Robyn Smith

Personal information
- Full name: Robyn Smith Astaire
- Born: August 14, 1944 (age 82) San Francisco, California, US
- Occupation: Jockey
- Height: 5 ft 7 in (1.70 m)
- Weight: 110 lb (50 kg)
- Spouse: Fred Astaire ​ ​(m. 1980; died 1987)​

Horse racing career
- Sport: Horse racing
- Career winnings: $2,692,848
- Career wins: 247

Major racing wins
- $27,450 Paumonok Handicap

Honors
- New York Turf Writers Association

Significant horses
- North Sea, Ramblin Robyn, Swift Yorky

= Robyn Smith =

American jockey

Robyn Smith Astaire (born August 14, 1944) is an American retired jockey. Active from 1969 to 1980, Smith accumulated 247 wins in California and New York race tracks, and became the first female jockey to win a stakes race in 1973.

== Early life ==
Smith is largely evasive about the details of her early life. She told Sports Illustrated in her 1972 cover profile that she was born in San Francisco, California, on August 14, 1944, but the journal could find no birth record of a Robyn Caroline Smith for several years around that time. Claims that she had attended Stanford University as an English major, and that she was under contract with Metro-Goldwyn-Mayer were similarly debunked. In 1997, she told the Los Angeles Times that she was "sold" as an infant, and went through a series of foster homes.

== Jockey career ==

In April 1969, Kjell Qvale agreed to let Smith ride one of his horses, and on April 3, Smith became the first female jockey in Northern California, finishing second at a race at Golden Gate Fields upon Swift Yorky. When Money Road finished last at the same track a week later, however, the decision to grant her an apprentice jockey license came into question. The decision of whether or not to award her the license was dependent upon Al Shelhamer, who had not seen Smith ride in person and would have to consult film of her first two Golden Gate races. Her license was granted, and in her first race as a licensed jockey, Smith and Swift Yorky finished in ninth place at Golden Gate Fields on April 16, 1969. The next year, Smith secured her first New York victory atop Hill Cloud at Aqueduct Racetrack in Queens.

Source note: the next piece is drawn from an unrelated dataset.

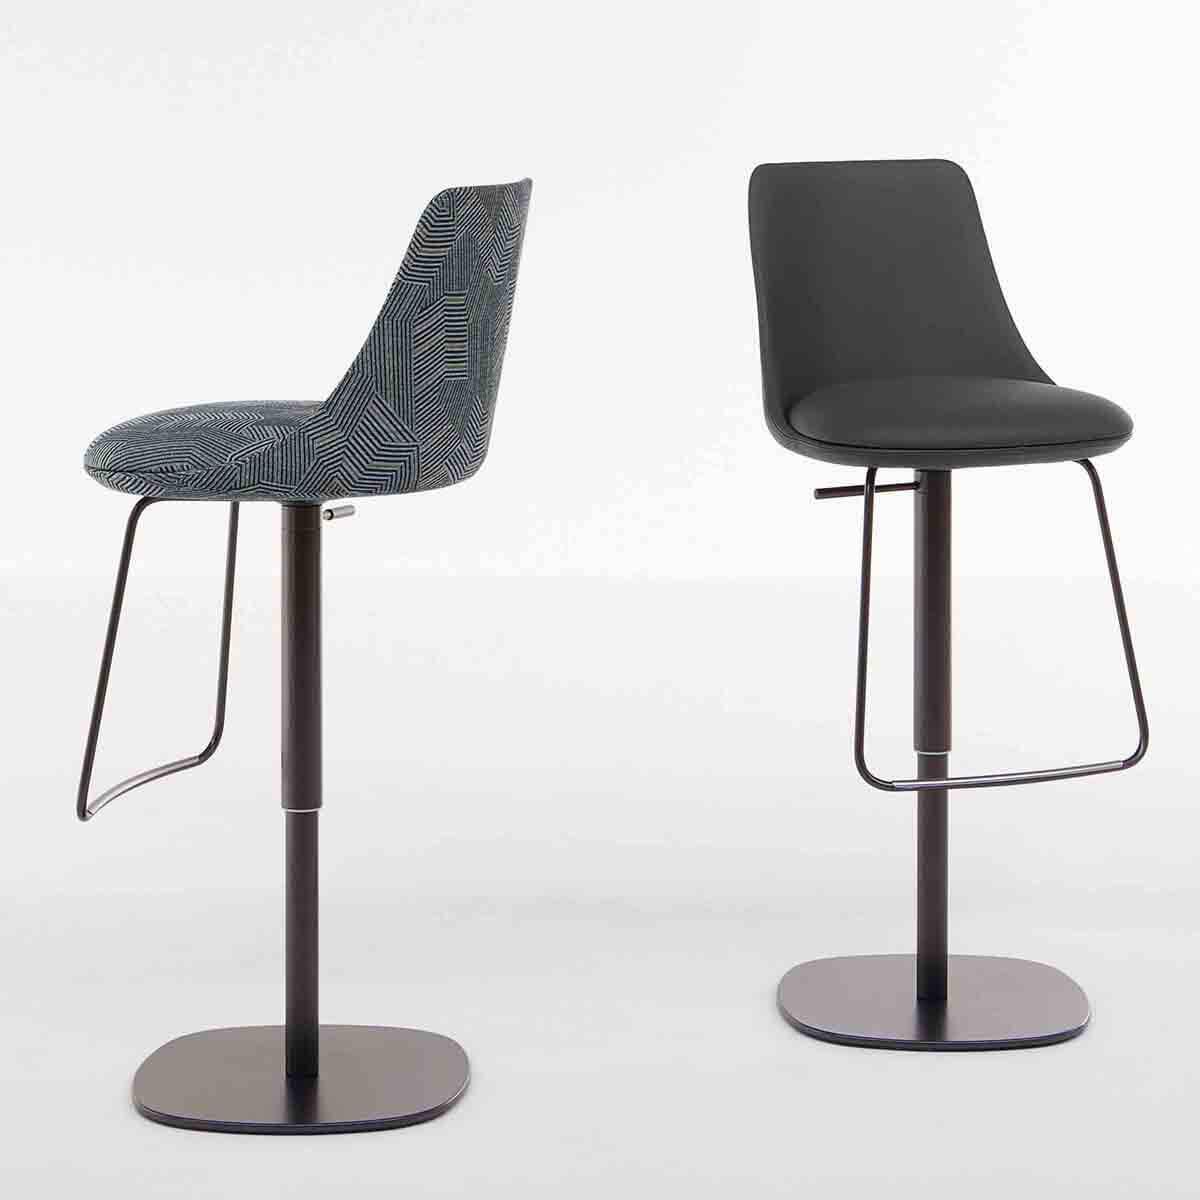 Бар стол Itala Too от Bonaldo, Италия
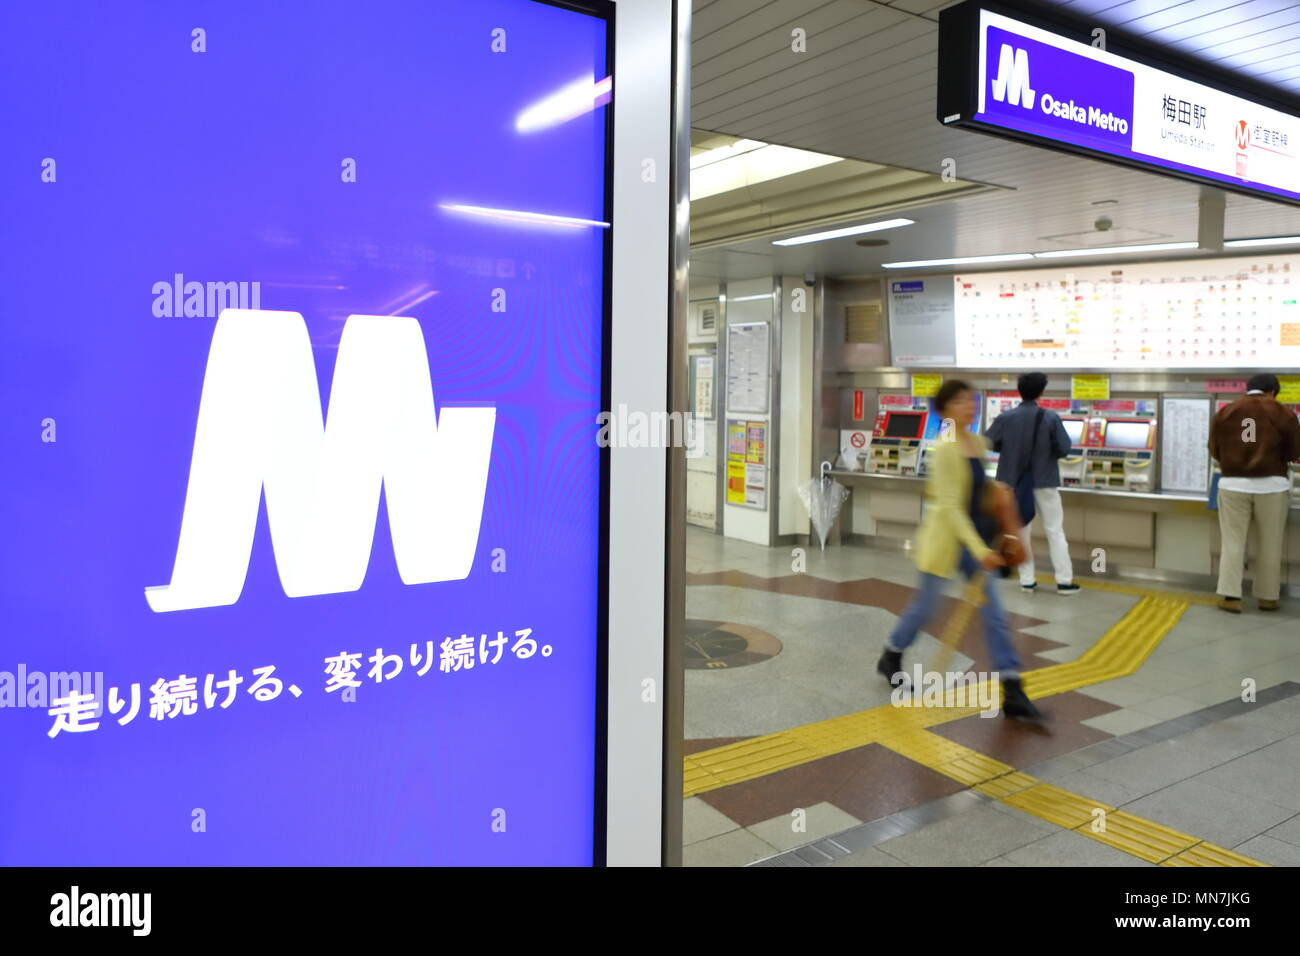 Monday. 7th May, 2018. Osaka Metro, the rapid transit network in Osaka, Japan on Monday, May 7, 2018. Osaka Municipal Subway was privatized on April 1 with the launch of Osaka Metro Co. Credit: Naoki Nishimura/AFLO/Alamy Live News - Stock Image

Smith's early victories in New York and California were seen as an inspiration to future woman riders. In 1973, leading up to the "Battle of the Sexes" tennis match, Smith challenged Bobby Riggs to a horse race, while joking that he would turn down the challenge because "He doesn't want to get himself killed." While many Thoroughbred owners were reluctant to lend their horses to a female rider, Smith found an ally in Alfred Gwynne Vanderbilt Jr., the chairman of the New York Racing Association during her jockey career. Their business connection led to rumors of a romantic involvement between Vanderbilt and Smith.

Smith appeared on the cover of Sports Illustrated on July 31, 1972. Shortly afterwards, it was announced that she would become the first female rider to be honored by the New York Turf Writers Association in Saratoga Springs, New York. Retired textile executive Nathan Isaacs named a filly, Ramblin Robyn, after Smith, and she rode the horse to victory at Aqueduct in December 1973.

After starting her 1973 racing season with a spill atop Faithville Ruler at Santa Anita Park, on March 1, 1973, Smith became the first female jockey to win a stakes race, winning the $27,450 Paumonok Handicap at Aqueduct Racetrack on the back of North Sea. On October 3, 1975, Smith became the first female jockey to win three races in one afternoon at a major New York track. She turned three victories at Belmont Park, riding Lead Line, Slink, and Togs Drone.

By 1978, Smith's career had largely come to a standstill, recording only one victory in 55 races, and struggling to find trainers. Most of her income was provided by television endorsement deals. After a final ride at Saratoga on July 30, 1980, Smith announced her official retirement from the sport on August 9.

== Later life ==
On January 1, 1973, a friend introduced Smith to Fred Astaire at Santa Anita. She went on to marry Astaire on June 24, 1980, at the Astaire home in Beverly Hills, California. At the time of their marriage, Astaire was 81 and Smith was 35. After Astaire's death in 1987, Smith became embroiled in a series of legal battles over the use of her late husband's image. Most notably, Smith prevented the John F. Kennedy Center for the Performing Arts from using video footage of Astaire during its 1992 televised tribute to his longtime Hollywood collaborator Ginger Rogers. In 1997, Smith agreed to a deal which resulted in commercials in which old footage was digitally altered such that Astaire appeared to dance with Dirt Devil brand mops and vacuum cleaners, over the objections of Astaire's daughter Ava. In 1998, the U.S. 9th Circuit Court of Appeals ruled against Smith in a decision over whether an instructional videotape manufacturer could use public domain footage of Astaire in the films Second Chorus and Royal Wedding to teach dance steps.

Following Astaire's 1987 death, Smith took up aviation, earning pilot certification in a series of airplanes and helicopters.